WPUR
- Atlantic City, New Jersey; United States;
- Broadcast area: Atlantic City, New Jersey
- Frequency: 107.3 MHz
- Branding: Cat Country 107.3

Programming
- Format: Country
- Affiliations: Compass Media Networks; Westwood One;

Ownership
- Owner: Townsquare Media; (Townsquare License, LLC);
- Sister stations: WENJ, WFPG, WPGG, WSJO

History
- First air date: February 28, 1998
- Call sign meaning: Purr

Technical information
- Licensing authority: FCC
- Facility ID: 54894
- Class: B1
- ERP: 25,000 watts
- HAAT: 94 meters (308 feet)

Links
- Public license information: Public file; LMS;
- Webcast: Listen Live
- Website: catcountry1073.com

= WPUR =

WPUR (107.3 FM) is a country music formatted radio station in Atlantic City, New Jersey. WPUR is more commonly known as "Cat Country 107.3". Its transmitter is located in Atlantic City, while studios are in Northfield, New Jersey.

==History==
The construction permit for a new station on 107.3 in Atlantic City, New Jersey, was granted the random WZZP call sign on March 17, 1997. It went on the air on February 28, 1998, with a mix of classic rock, oldies, and newer songs. This test broadcast was erratic and mostly heard on weekends through March 17, 1998. Chief engineer Tom McNally was the first voice heard on the station, as a "conducting equipment tests" message aired between the music.

On April 9 and 10, 1998, WZZP began broadcasting a mix of country songs. Later on April 10 and into April 11, the station played "Tubthumping" by Chumbawamba over and over. Another stunt format aired from April 12 to April 14, this time with all classic rock songs as "ZZ-107". From April 14 to April 17, CHR was featured with IDs only saying "107.3". This was expanded upon from April 17 to April 25, when more CHR songs were added to the playlist and the station's name shifted to "ZZ-107 The Zipper".

On April 25, 1998, "Fun 107" debuted with a rhythmic CHR format, which was easy to do since WZZP's sister station, at the time, in New Bedford, Massachusetts, was "Fun 107" WFHN. Most people thought this was going to be the final format, but it was just another long drawn-out stunt that ultimately lasted for a little over two months.
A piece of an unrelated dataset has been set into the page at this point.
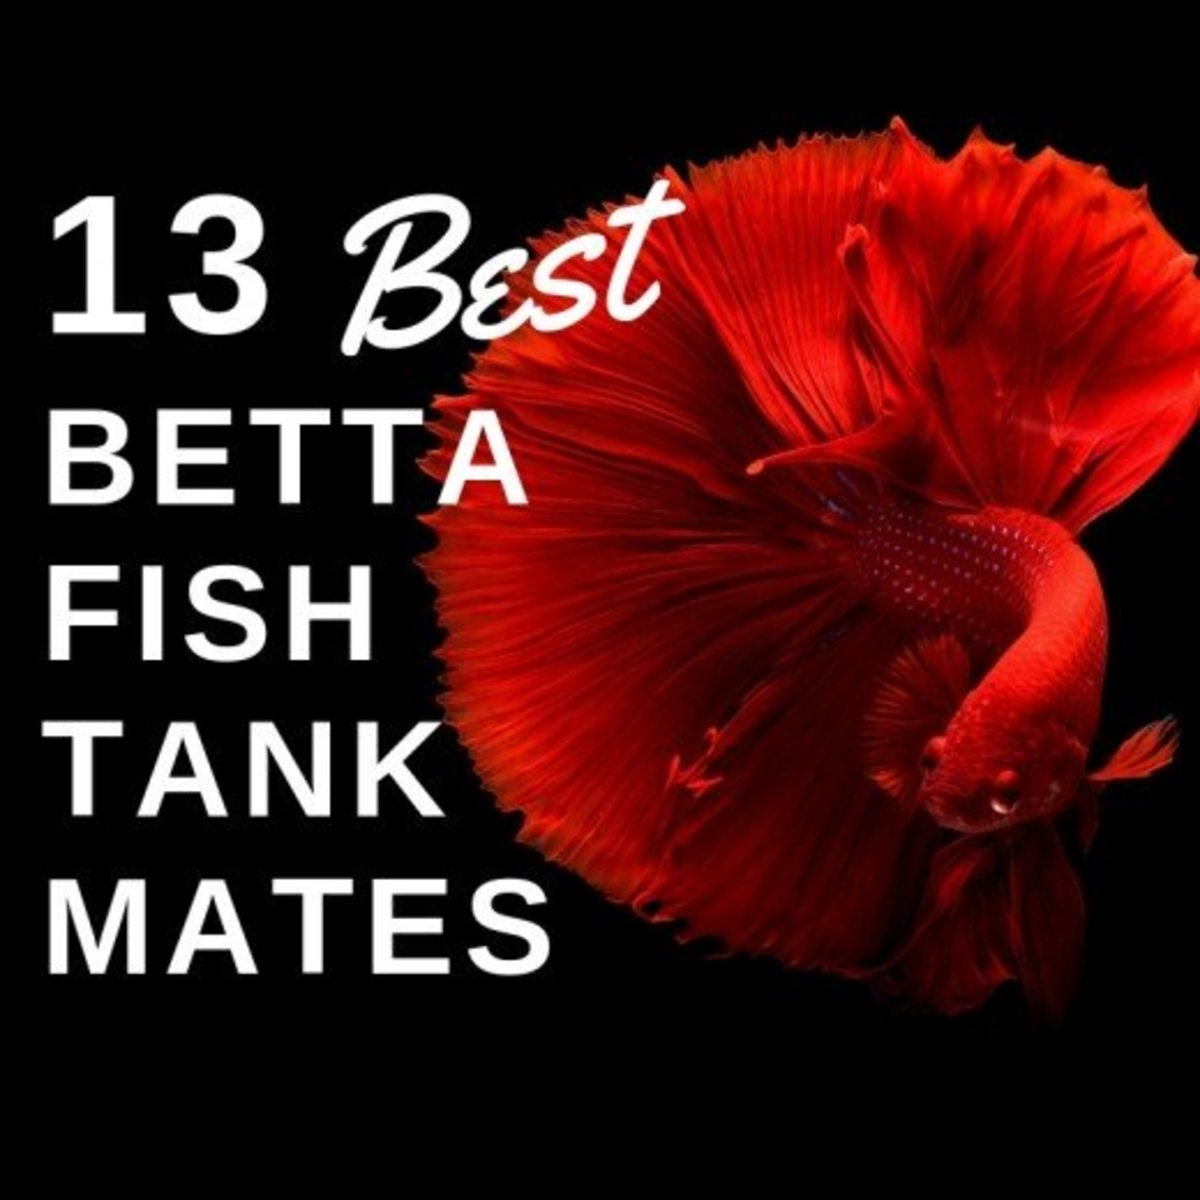 13 Safe and Compatible Betta Fish Tank Mates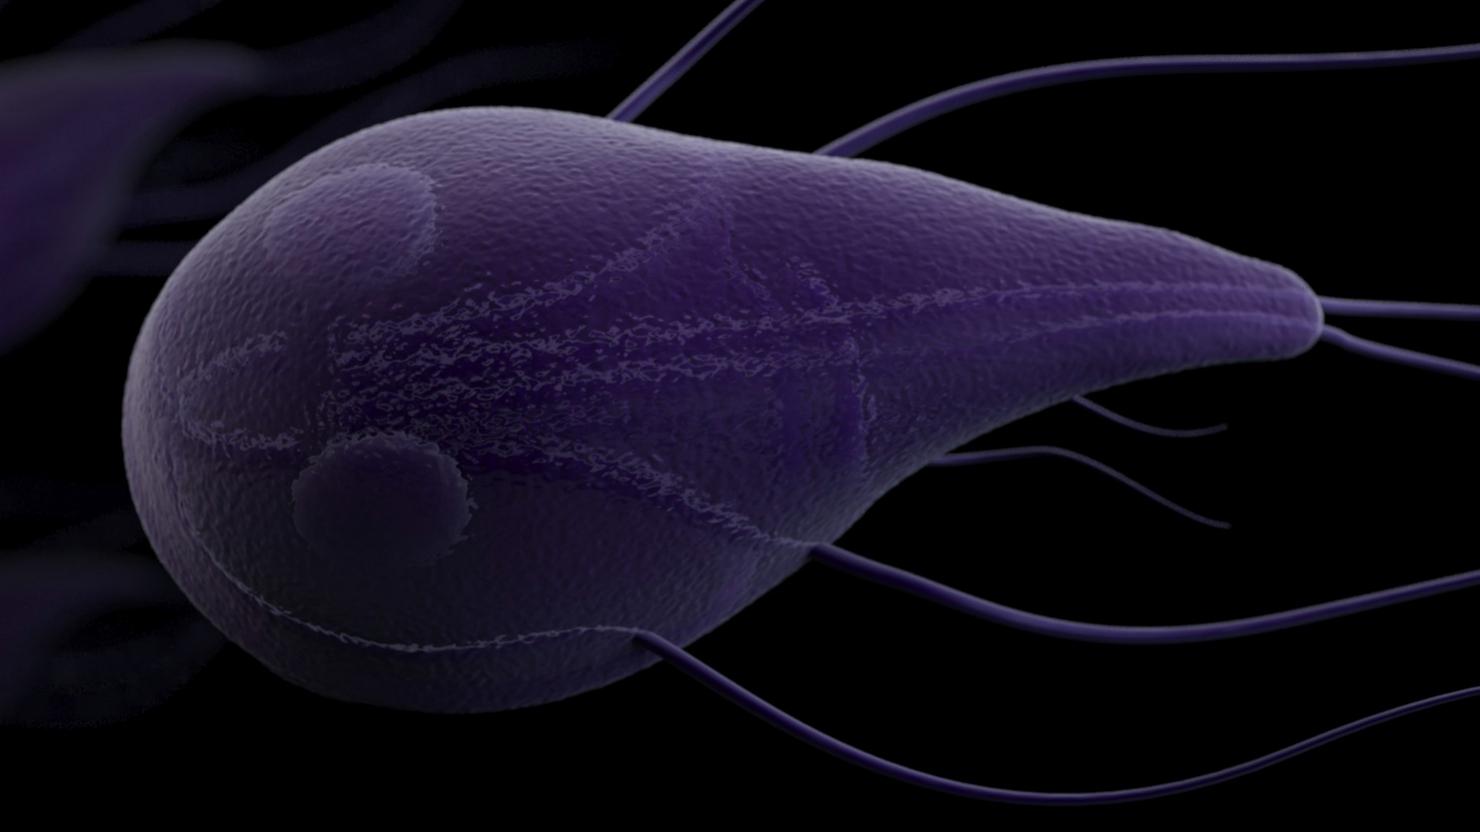 3D artist rendering of a Giardia parasite

At 3 p.m. on June 29, 1998, the real format and name finally debuted: "Cat Country 107.3", with "Fancy" by Reba McEntire as the station's first song. The call letters officially changed to WPUR on July 20, 1998.

==Ownership==
Spring Broadcasting, LLC, purchased the construction permit for 107.3 in Atlantic City from Radio-Vision II in the late 1990s. In November 1999, Citadel Communications entered the Atlantic City market as it purchased Spring Broadcasting. In July 2001, Citadel Communications sold WPUR and its Atlantic City sister stations to newly formed Millennium Radio Group for $19.4 million. In 2011, Millennium's radio stations were turned over to Townsquare Media.

==Positioning==
WPUR positions itself as "Cat Country 107.3", "#1 for new country". Originally, WPUR was positioned as "South Jersey's Hot New Country" and later "Continuous Country Favorites". WPUR currently uses the 360 Country imaging service from TM Studios. Carter Davis served as the station's voiceover talent for years. All of Cat Country 107.3's previous jingle packages came from Reelworld.

==Technical==
WPUR is a class B1 FM radio station, operating with 25,000 watts ERP from an antenna 94 meters (308 ft) high (HAAT) on the WFPG tower in Atlantic City. Until early 2008, WPUR's antenna was located on the roof of the Trump Taj Mahal casino on the Atlantic City boardwalk.

WPUR had a severe null in its signal over land until WSNJ-FM 107.7 Bridgeton, New Jersey, went off the air in February 2004. When WSNJ-FM went off the air, WPUR was able to bring a full 25,000-watt ERP signal over land.

==Charity work==
WPUR supports local non-profit organizations throughout South Jersey. In addition, since 2000, WPUR has held annual two-day radiothons for St. Jude Children's Research Hospital, raising over $1,000,000, and also holds a yearly quest for One Million Pennies for St. Jude.